Our lab studies human genetic variation that affects the epigenome and gene regulation, and how these variants contribute to complex traits and disease such as type 1 and 2 diabetes.

The research and work in our lab spans four primary areas:

Mapping the epigenome of disease-relevant tissues and cells

The identity and function of specific tissues and cell types relies on non-coding sequences that regulate gene activity. In our work we map the location and function of enhancers in relevant tissues and cells to understand enhancer function in these cells including transcription factor binding and target gene regulation.

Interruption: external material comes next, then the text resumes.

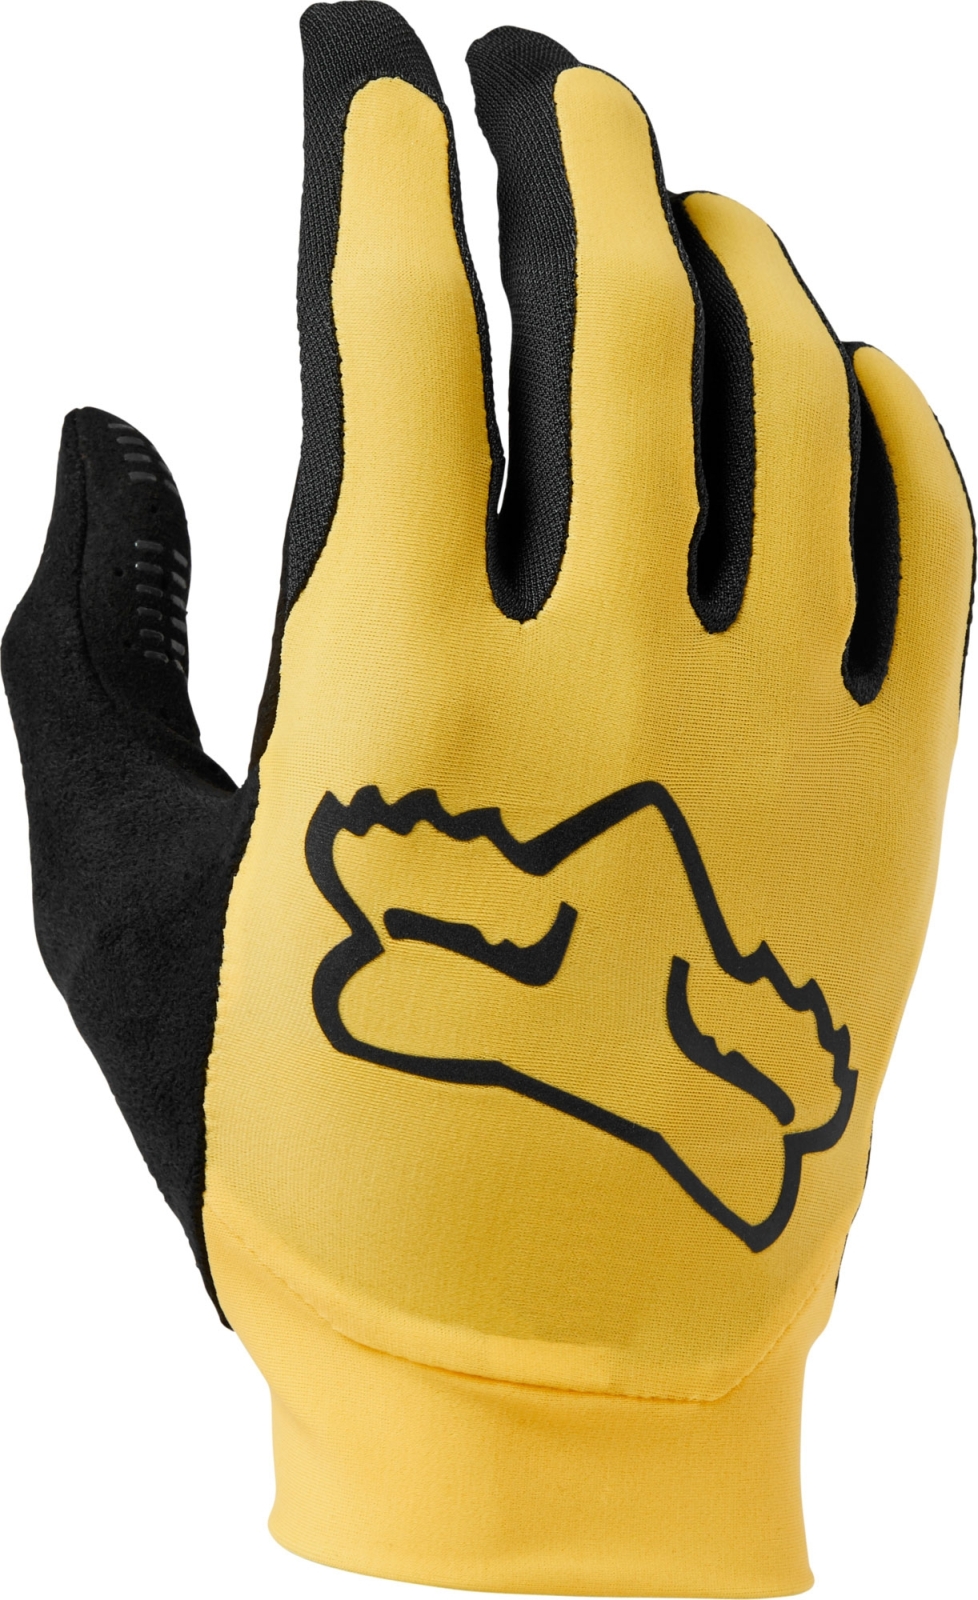 E-shop FOX Flexair Glove - pear yellow 8

For example in a recent study we mapped chromatin state, chromatin accessibility and 3D chromatin architecture in pancreatic islets through which we defined islet enhancer elements and distal target genes of these enhancers, many of which were highly distal to the genes they regulate. Further integration with T2D genetic fine-mapping data and islet expression QTL data revealed the regulatory programs and target genes of T2D risk variants which uncovered molecular pathways disrupted in disease pathogenesis.

Our current studies include mapping changes in the islet epigenome and enhancer function using these assays under different cellular stimuli, studying the epigenome of other disease relevant tissues such as liver, adipose and brain, and understanding genetic effects on chromatin through allelic imbalance and QTL mapping.

Most recently, our lab has helped pioneer generation of accessible chromatin data from single cells from relevant human tissues such as pancreas, pancreatic islets and hippocampus. As part of these studies we have also developed novel pipelines and tools to analyze single cell accessible chromatin including identification of cell types and subtypes, and mapping genetic effects from single cell data. Analyses of single cell data from both non-diabetic and diabetic individuals will enable understanding of the regulatory programs underlying specific cell types within these tissues and changes in these programs in disease states.

Discovery of novel genetic risk factors and disease mechanisms

We perform population-based genetic association and fine-mapping studies of complex disease in order to map the effects of variants on disease risk. Using this information we identify novel risk loci and causal variants for disease, through which we investigate the mechanisms of how variants at individual risk loci function to derive novel disease biology. In addition, we use genetic association data to more broadly understand disease mechanisms and causal relationships for example through genetic correlations, genomic enrichments and Mendelian Randomization.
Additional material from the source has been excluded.